NLRB Takeaway: Comply, Even if You Think You Don’t Have To

The General Counsel of the National Labor Relations Board issued a recent Advice Memorandum in Northwestern University, NLRB Case 13-CA-157467, with a strange, but practical, takeaway for employers: even if you don’t think all the obligations National Labor Relations Act apply to you, you can avoid a lot of trouble if you just behave and comply anyway. Smart employers will comply, then, when the costs of compliance aren’t significant compared to the costs of fighting the NLRB.

Northwestern University gained prominence over the past year as it fought the rights of its college football players to unionize. As you might expect, the university argued that college football isn’t employment, that college football players are not employees, and as such, they should not be permitted to unionize. The effect of unionization would have been, well, awkward at best: imagine college athletes insisting that training schedules, and even decisions on how to field a team, are “working conditions” that a university would have to negotiate with them. The NLRB ultimately agreed with the university, at least implicitly: it denied a petition for an NLRB election that had been filed by the players.

The NLRB is always happy to expand the rights of unions and employees, however, so it ended the case somewhat passive-aggressively.
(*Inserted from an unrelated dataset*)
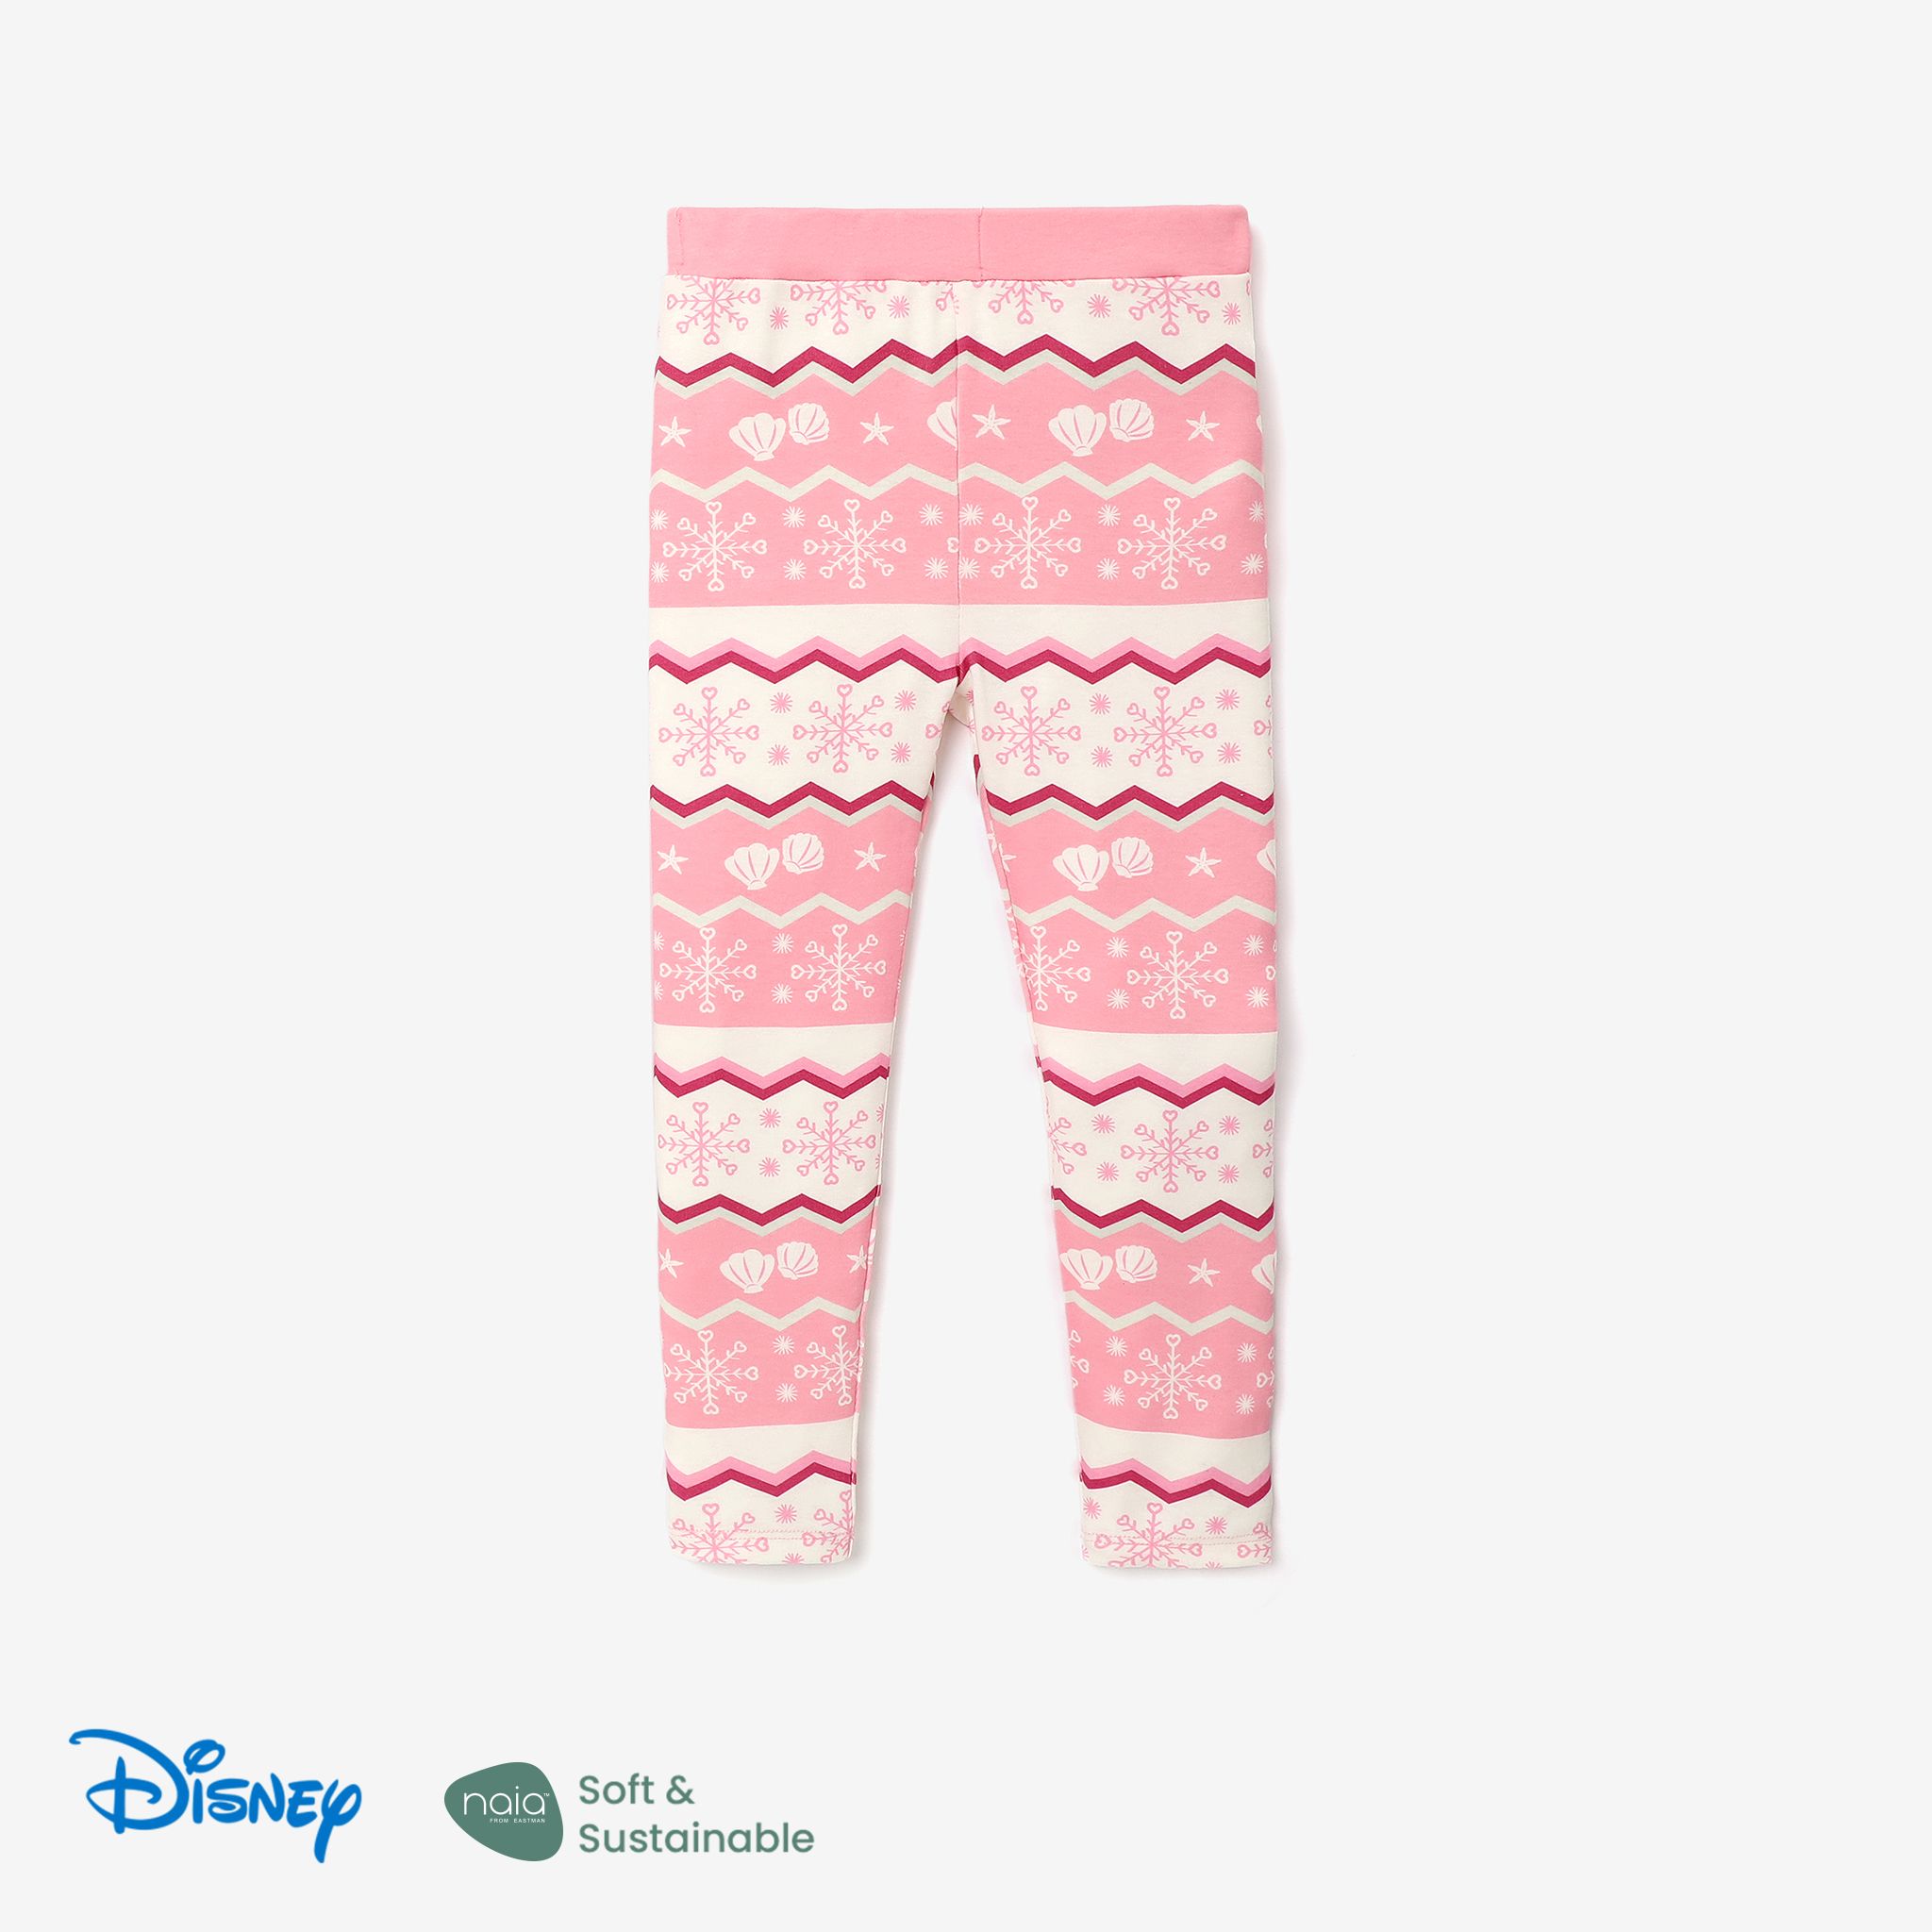 Disney Princess Kid Girl Character Print Hoodie Dress Or Naiaâ¢ Print Snowflake  Pants

Instead of formally ruling that college athletes are not employees, the NLRB just denied the petition. This is sort of like a friend who won’t commit to going to see a movie with you but also refuses to decline your invitation. The NLRB isn’t saying that Northwestern players can unionize, but it has also refused to say that college athletes can’t, at least in the right case.
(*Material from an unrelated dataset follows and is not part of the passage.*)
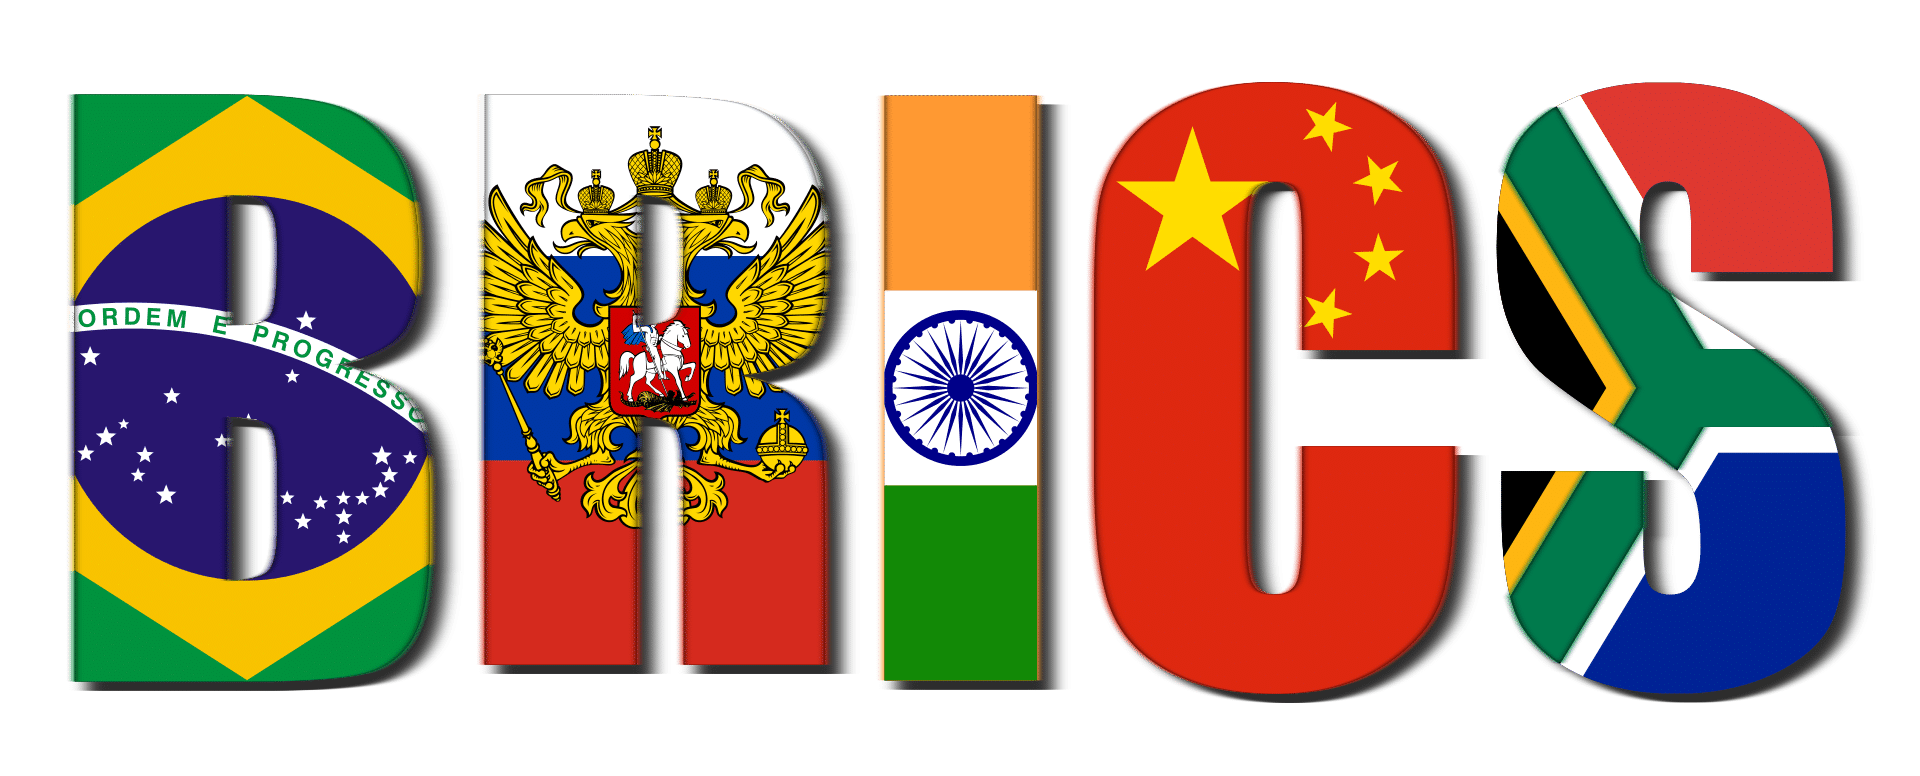 BRICS Set to Open Doors to New Members, Eyes De-Dollarization

Fast forward a few months to the NLRB General Counsel’s Advice Memorandum. Northwestern University maintained a social media policy in its “Football Handbook” that its players “protect[] the image and reputation of Northwestern University.” This language is a signature target for the NLRB, since it would chill employee speech that is protected under Section 7 of the NLRA. Under Section 7, employees have a right to engage in “protected concerted activity” for their mutual aid and protection—which includes the time-honored tradition of griping about work, pay, managers, and all things job-related. So when the NLRB sees language in a policy that requires employees to “protect” an “image and reputation,” it sees a policy that might prohibit employees from complaining about an employer (since publicly saying that, for example, XYZ Corp.’s low wages are abysmal may damage the “image” or “reputation” of XYZ Corp.).

Fine, but unless you have significant short-term memory problems, you will recall that the university said that football players aren’t even employees—meaning that all that stuff about overbroad policies and Section 7 rights have nothing to do with them. Eager to avoid a dispute with the NLRB, and after an unfair labor practice charge was filed over the social media policy, Northwestern changed the language of the policy anyway to get rid of the arguably overbroad language. Again, this shouldn’t have mattered, since the football players are not employees.
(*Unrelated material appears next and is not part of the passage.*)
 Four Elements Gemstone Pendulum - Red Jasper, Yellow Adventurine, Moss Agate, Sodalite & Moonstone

But it did matter to the NLRB. The NLRB General Counsel recommended not pursuing a full-blown complaint against Northwestern University over the social media policy. Why the GC made that recommendation is the interesting part: the GC acknowledged (as had the NLRB itself) that Northwestern maintained that the players are not employees. The NLRB appears to agree with that position by not allowing the players to vote to unionize. If all that is true, then the GC should have refused to recommend that a complaint be issued because the NLRA doesn’t even apply to the players. But the NLRB GC went on to say:

[W]e further conclude that it would not effectuate the policies and purposes of the NLRA to issue complaint in this case because the Employer, although still maintaining that athletic scholarship football players are not employees under the NLRA, modified the rules to bring them into compliance with the NLRA and sent the scholarship football players a notice of the corrections, which sets forth the rights of employees under the NLRA.

So let me get this straight: Northwestern “still maintains” that the players aren’t employees and aren’t protected as such under the NLRA, and the NLRB seems to agree. But that’s not the reason why the NLRB won’t issue a complaint over the social media policy. The reason is that Northwestern behaved as if the NLRA applied to the players anyway: it fixed what the NLRB would have found offensive about the social media policy as if the players actually were employees. Northwestern avoided the NLRB’s wrath not by being right on the law about the players, but by placating the NLRB.

“Placating the NLRB” is not a great guidepost to develop policy, since the NLRB’s ideological bent changes with each Presidential administration, and since the NLRB is constantly reversing itself as a result. But here’s the practical takeaway: in the Northwestern case, changing the policy was not a big deal. Is it galling to have to mollify a federal agency not because you’re wrong, but because the agency wants to throw its ideological weight around? Yes. Is it smart to effectuate a low-cost fix to avoid pointless and expensive legal tangles with an 800-pound left-leaning gorilla? You bet.